"Wywiad ze Słońcem Narodu": kina rezygnują z pokazów, a Sony odwołuje amerykańską premierę
Groźba hackerów Guardians of Peace zbiera żniwo. Największe amerykańskie sieci kinowe zrezygnowały z pokazywania "Wywiadu ze Słońcem Narodu", co ostatecznie doprowadziło do decyzji Sony o odwołaniu premiery filmu w USA.

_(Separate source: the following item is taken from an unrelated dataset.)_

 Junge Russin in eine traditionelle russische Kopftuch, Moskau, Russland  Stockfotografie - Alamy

Najpierw spotkania związane z promocją komedii odwołali jego gwiazdorzy - Seth Rogen i James Franco. Później zrezygnowano z uroczystej premiery w Nowym Jorku. W środę z planów pokazywania komedii wycofały się największe amerykańskie sieci kinowe (w tym Regal Cinemas, Cinemark, Cineplex, AMC Entertainment, Bow Tie Cinemas i Carmike). W końcu wytwórnia Sony podjęła decyzję o całkowitym odwołaniu premiery kinowej w USA. Miała się ona odbyć 25 grudnia. Teraz nieoficjalnie mówi się o pomyśle przedstawienia komedii za pomocą serwisów VOD.

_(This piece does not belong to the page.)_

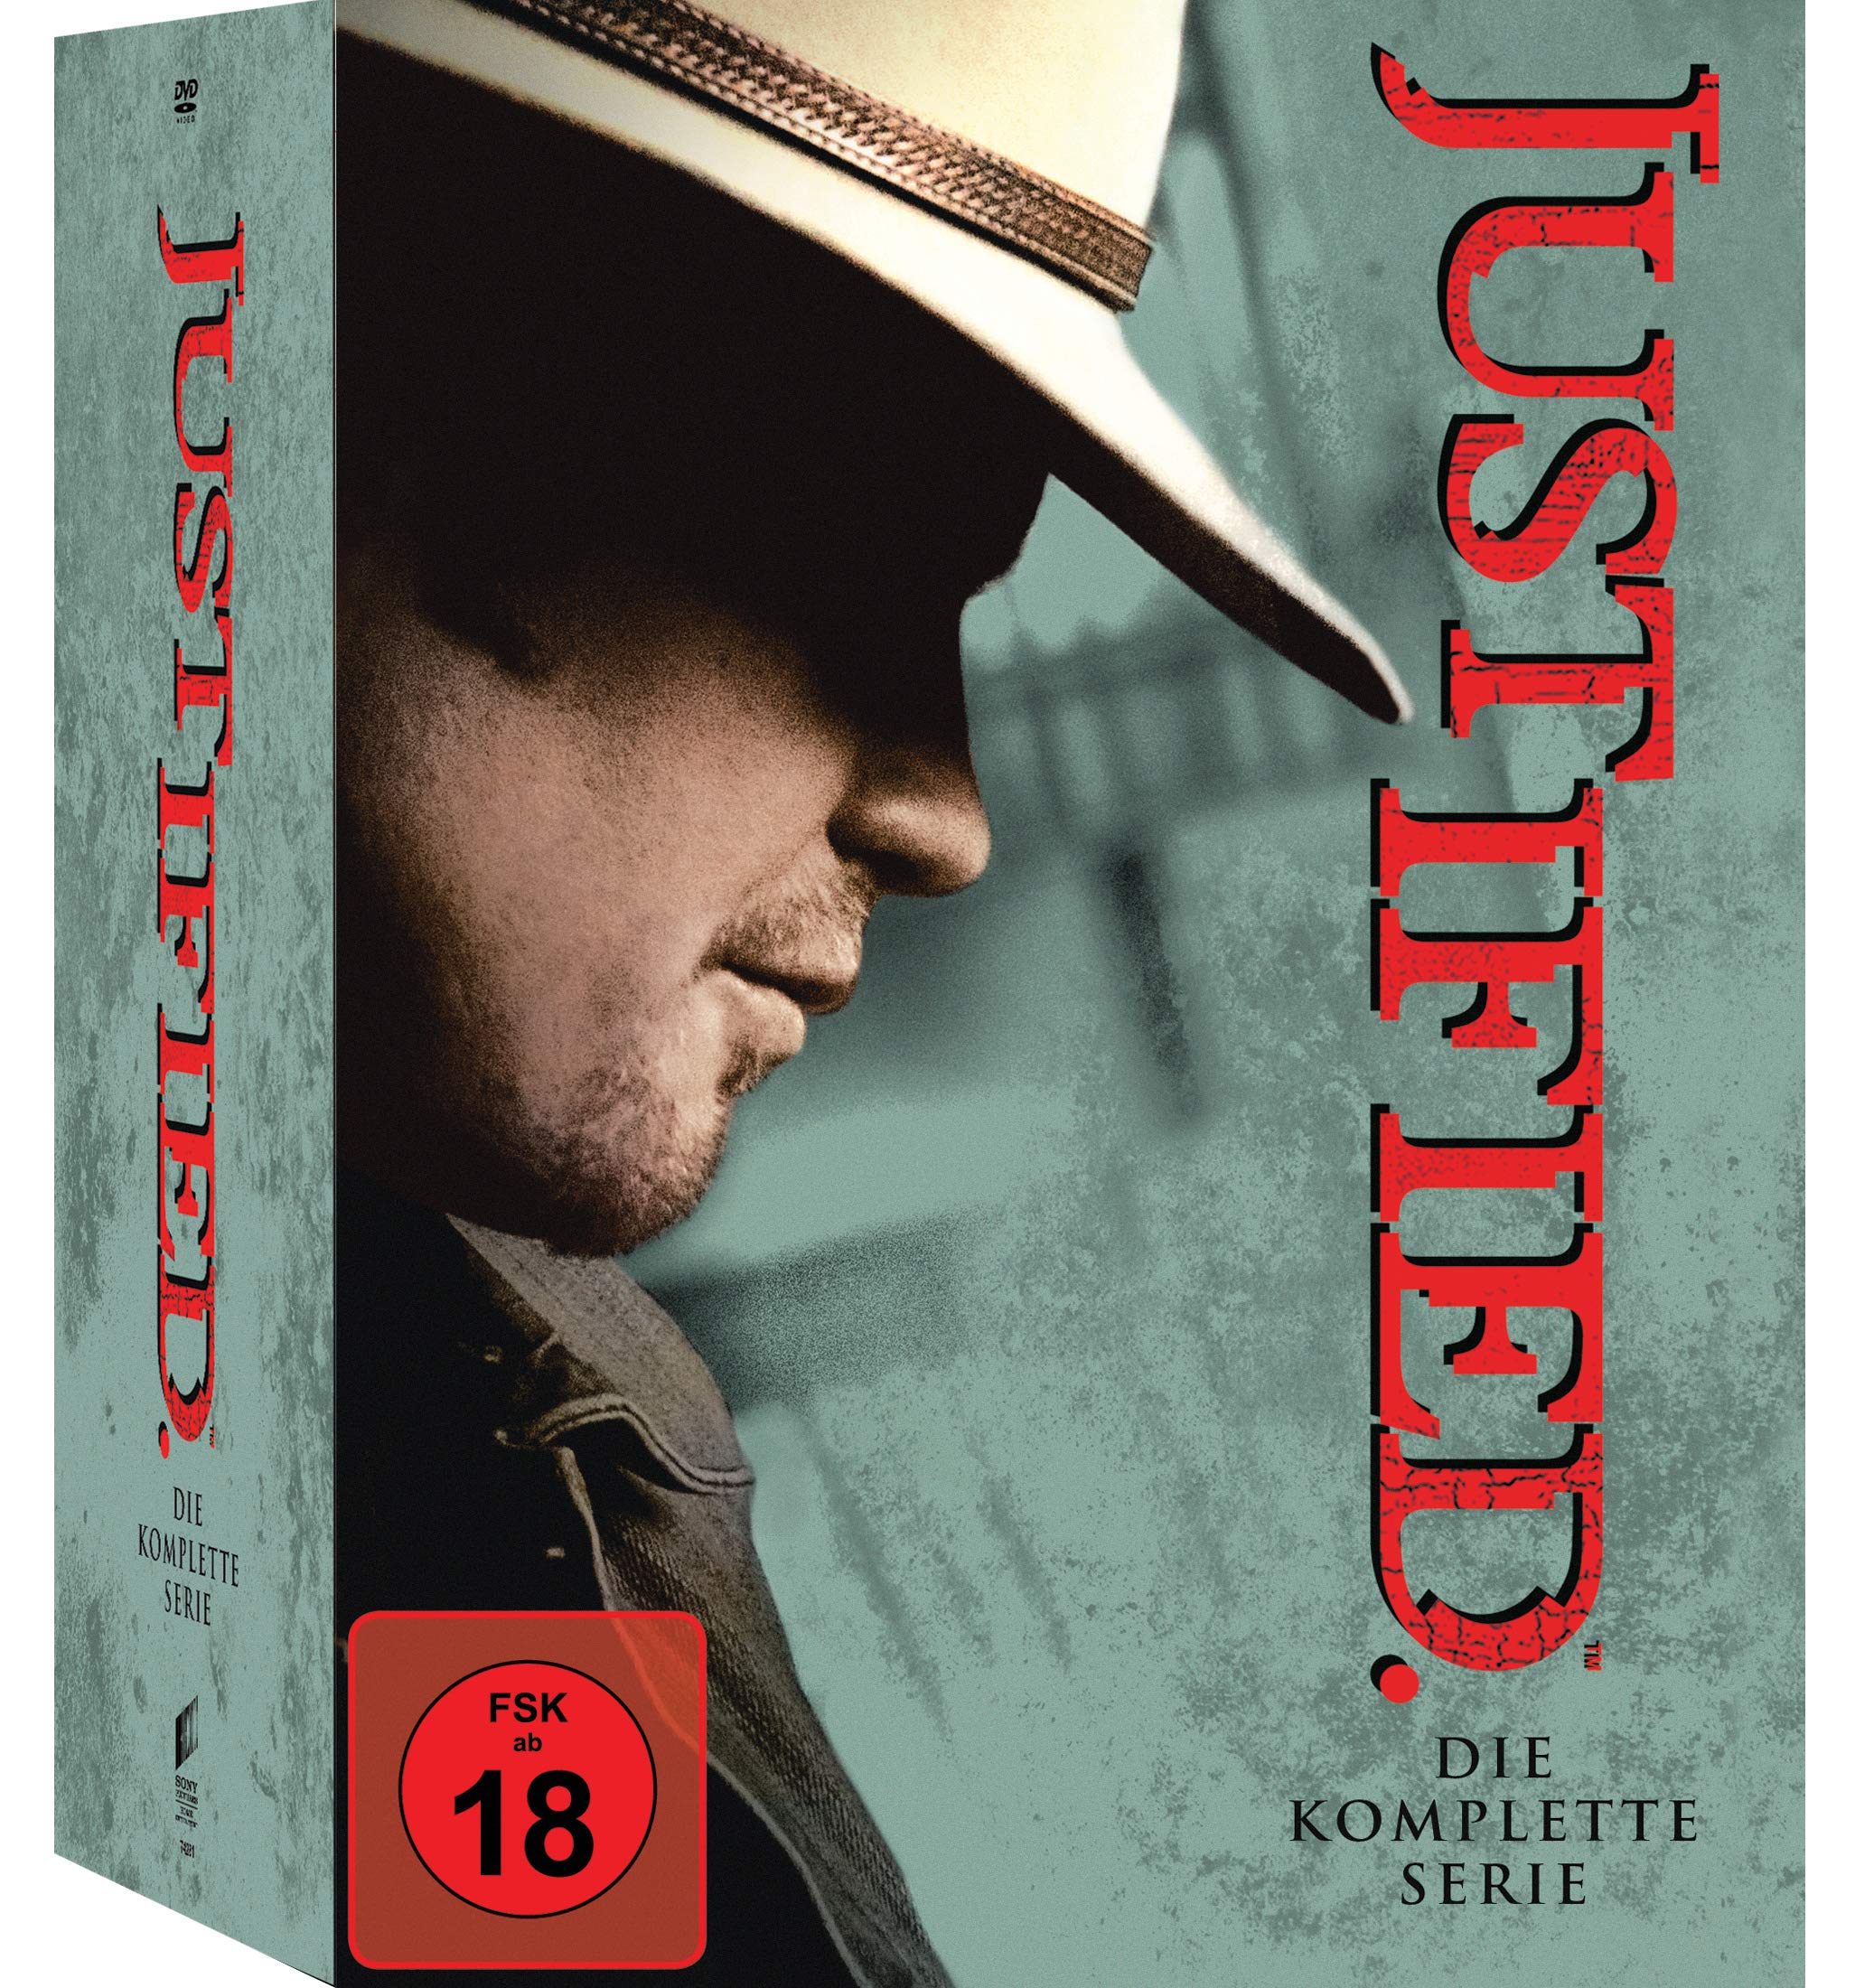 Justified - Die komplette Serie (18 DVDs)

Przypomnijmy, że we wtorek hackerzy odpowiedzialni za włamanie na serwery Sony Pictures, zagrozili jeszcze bardziej drastycznymi atakami na kina, które zdecydują się pokazywać "Wywiad ze Słońcem Narodu". W swoim liście przestępcy przywołali nawet ataki na World Trade Center. Chociaż w oficjalnym oświadczeniu urzędnicy Departamentu Bezpieczeństwa Krajowego USA zapewnili, że badają sprawę, a obecnie nie ma zagrożenia, to właściciele kin obawiali się odpowiedzialności prawnej, gdyby w czasie któregoś z seansów doszło jednak do jakichkolwiek aktów przemocy lub gdyby znaleźli się naśladowcy hackerów.
Podejrzewa się, że za atakiem hackerskim na Sony stoi Korea Północna, choć ta zaprzecza. W "Wywiadzie ze Słońcem Narodu" Franco i Rogen grają dziennikarzy, którzy zamierzają zabić Kim Dzong Una.
Polska premiera filmu wyznaczona została na 23 stycznia.